Тонкая смуглая рука протянулась через стол; из красного рукава манто выглянула золотистая кисть, и на ладони цвета кофе, куда влили много молока, появился маленький кусочек белого картона.
Девушка на секунду поколебалась.
— Заметьте, что я ни в чем его не обвиняю и не хотела бы причинять ему неприятности. Просто, я боюсь… и, может быть, совершенно напрасно.
— Положитесь на меня, мадемуазель; я буду действовать осторожно и деликатно.
Взор Ле Генна быстро скользнул по визитной карточке:
Он спросил неожиданно:
— А каков возраст вашего кавалера?
Арабелла с удивлением вскинула на него глаза.
— Ему самое большое тридцать пять, и даже, я думаю, меньше… А что?
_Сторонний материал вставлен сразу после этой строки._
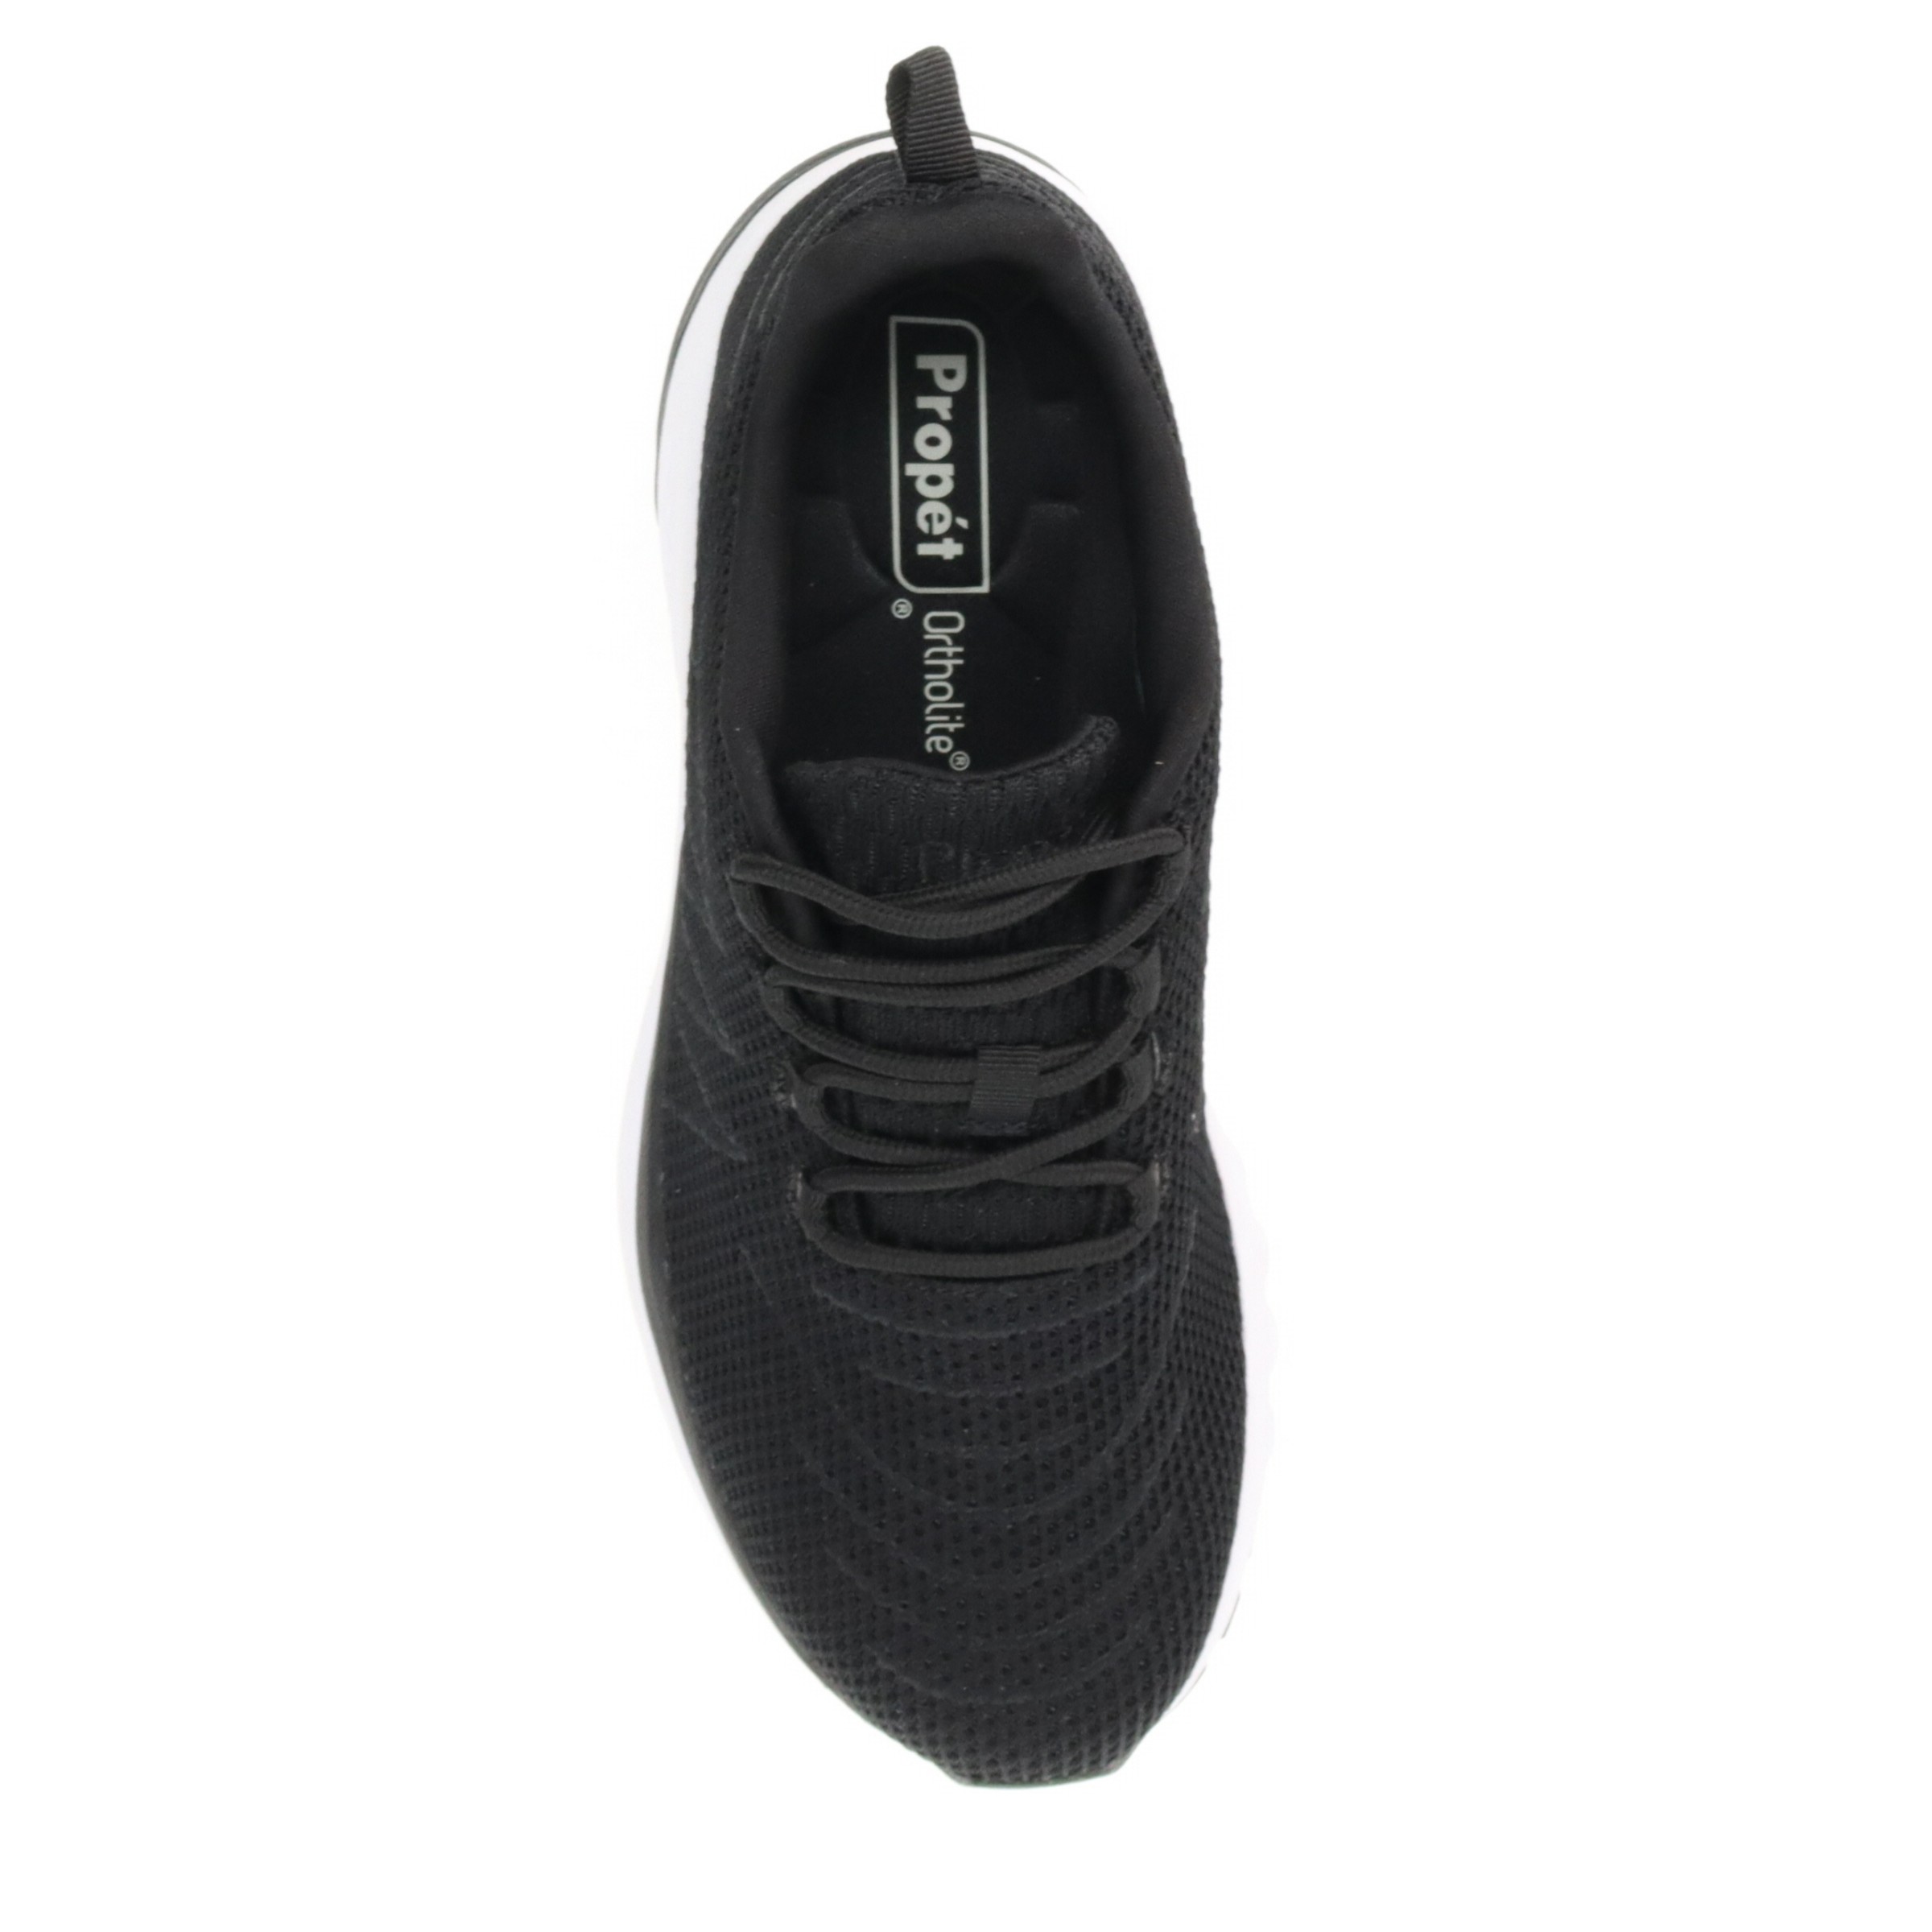 Propet Tour Knit Men's Sneakers, Size: 8.5, Black

— Не подумайте, что я не хочу оказать вам услугу, мадемуазель Арабелла, — сказал инспектор дружески, — но мне пришло в голову одно сомнение… Может быть, это вполне приличный господин? Поскольку он не слишком стар, достаточно образован, в общем принадлежит к нашему кругу… Что до угроз, какие он позволил себе сделать, — инспектор словно отстранил что-то коротким жестом руки, — когда человек влюблен, нельзя его судить слишком строго. И в данном случае его вполне можно извинить, если он потерял голову.
Арабелла была умная девушка и поняла недосказанный комплимент.
— Убеждены ли вы, что он вам совсем не нравится и никогда не будет нравиться? — докончил инспектор.
Длинные ресницы бросили тень на бронзовые щеки, и смутная улыбка прошла по губам.
— Я в этом уверена, сударь, потому что мне нравится другой…
— Доктор, — пробормотал инспектор, когда дверь закрылась за посетительницей, — любопытно, какой специальности? Пойти к нему на прием? Однако, пожалуй, лучше, чтобы он не знал меня в лицо, по крайней мере, для начала. Попросить Элимберри? Неудобно, это не официальное дело. Рудинского? Нет, я боюсь за Владимира; это предприятие рискованное. Гезу Керестели? Он, я полагаю, справится…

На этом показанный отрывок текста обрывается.